Добавить в цитаты Настройки чтения

Страница 5 из 12



Угу. И так у всех.

У всех?

Весна показала. Показала, кто, где и зачем срал.

Нейрохирург (борода, усы, очки в тонкой прямоугольной оправе, перегар, табак, халат, лопнувший под давлением круглого, как мяч, живота) сказал:

– Кровь сдайте. Сколько сможете, столько и сдайте. Пригодится. Хотя операции не надо. Ничего нашего тут нет. Череп раскололся как горшок. Есть перелом в височной области. Есть в основании черепа. Сейчас в коме… Вы не родители?

– Нет, – сказал муж Саша.

– Мы – родственники, – объяснила Надя.

– Ага. Глубокая. Глубокая инвалидность. Это в случае, если он придет в себя. Вам это надо? А шансы, что придет… В общем, мало шансов. Может, и к лучшему? – Он улыбнулся. Этот нейрохирург. Как будто заговорщик. «Вы понимаете. Мы понимаем. Так не будем длить наши мучения».

– Ясно, – сказал муж Саша. По лицу его было видно: хочет убить. Хочет убить, но даст денег. Как член совета директоров муж Саша лучше всех понимал систему заложничества. Когда над тобой издеваются, надо платить. Когда издеваются сильно, надо платить больше. Надо платить столько, сколько стоит твое дело. Но ни копейкой больше. Муж Саша потом сказал Надежде Михайловне: «Я думал, садисты идут только в проверяльщики. А вот…» А Надя ему в ответ легко ударилась в крамолу: «Все бюджетники – садисты. И нас можно понять…»

– Идите домой, – ласково сказал бородатый врач.

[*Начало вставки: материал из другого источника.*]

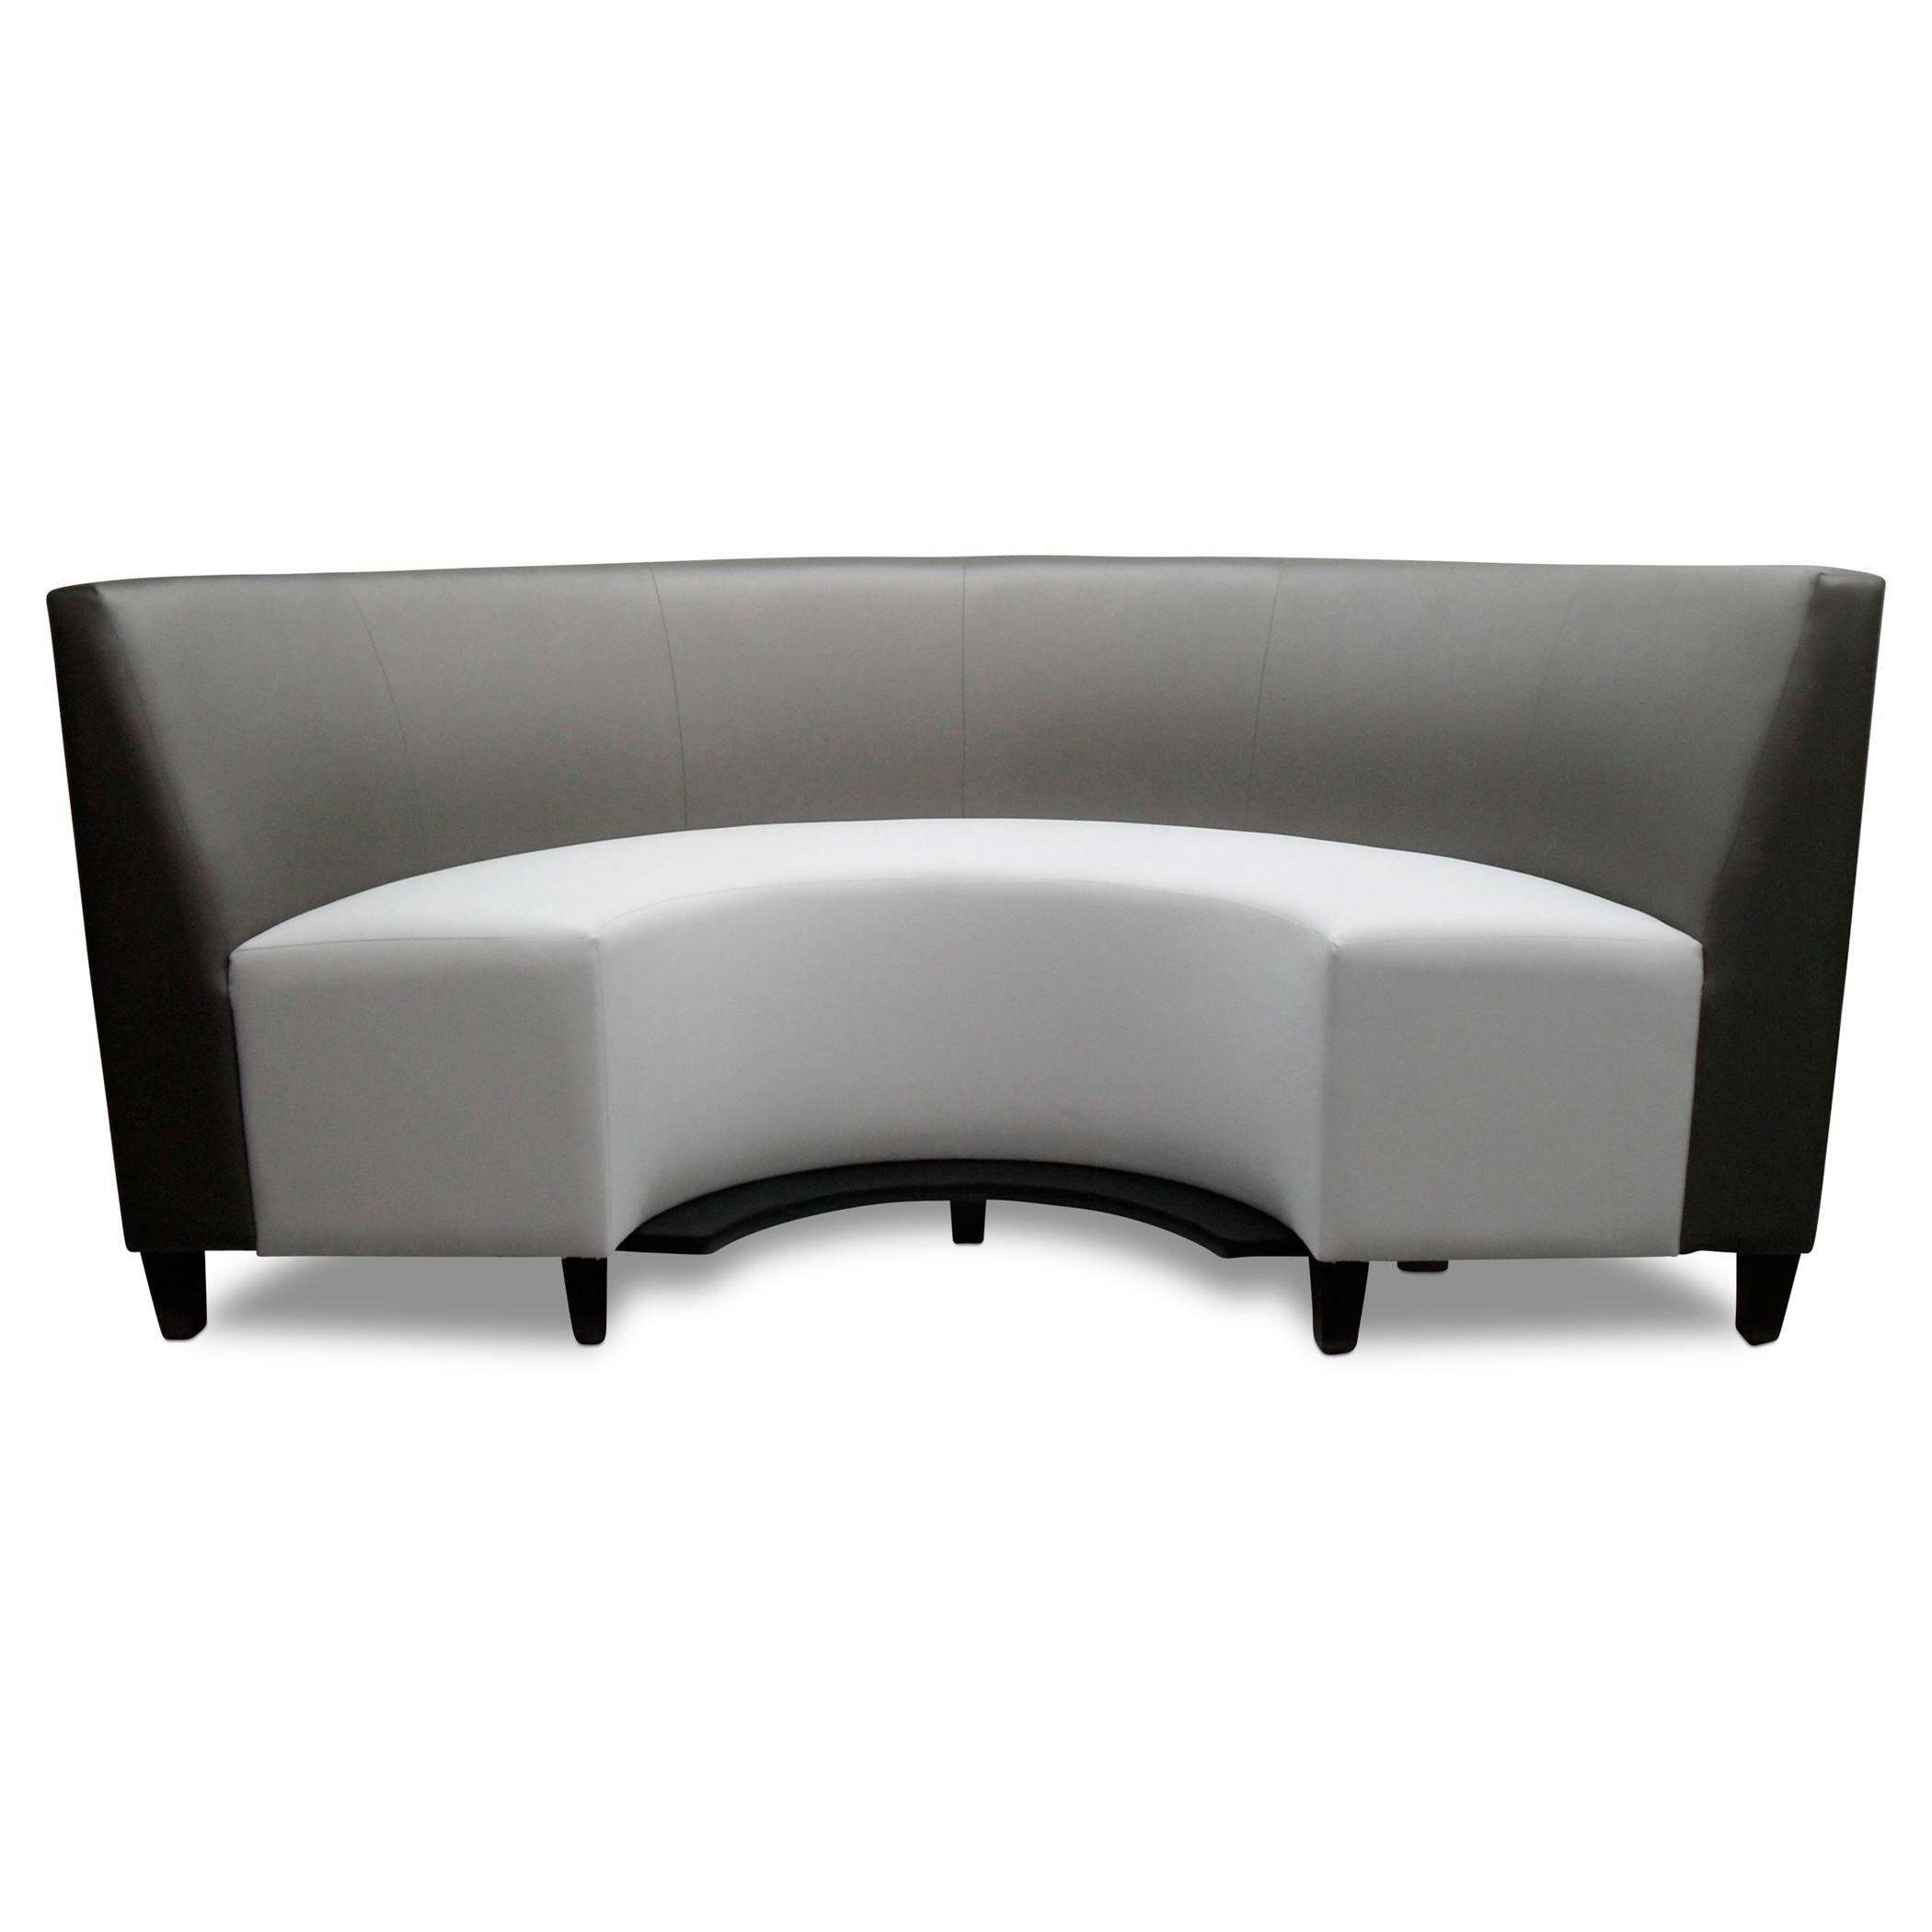 1/2 CIRCLE SEAT

– Не… – покачал головой муж Саша. – Вы мне кроватку, кушетку найдите тут… В ординаторской не надо. Лучше прямо в палате, но я все понимаю, поэтому в коридорчике. Или я свою привезу. Вдруг Витасик усрется? В говне ж лежать будет? Во… А у него жопа, знаете ли, склонна к покраснению. Нежная очень жопа.

– А вы точно не мать? – спросил доктор.

– А вы что, и анатомию тоже по блату сдали? – спросил муж Саша. Дернул за ремень. Себя, не доктора.

Надежда Михайловна ахнула и замерла.

Он вообще спокойный был, муж Саша. Нудный. Ладно, пусть настойчивый. Предсказуемый, как его любимый генеральный план реконструкции северных пригородных районов. Ничего такого и никогда. Даже болел по расписанию: осенью – радикулит, весной – острая вирусная инфекция. Как часы и вне эпидемий…

Замерла, но зашептала быстро-быстро:

– Ты что, бить его собираешься? Ты что? Саш? А?..

Тишина. Йод. Хлорка. Зеленые стены. (Цвет надежды? Хороший же знак?) Сквозняк. Плохое освещение. Желтые лампы. Высоко, у самого потолка. С уборкой – не достать.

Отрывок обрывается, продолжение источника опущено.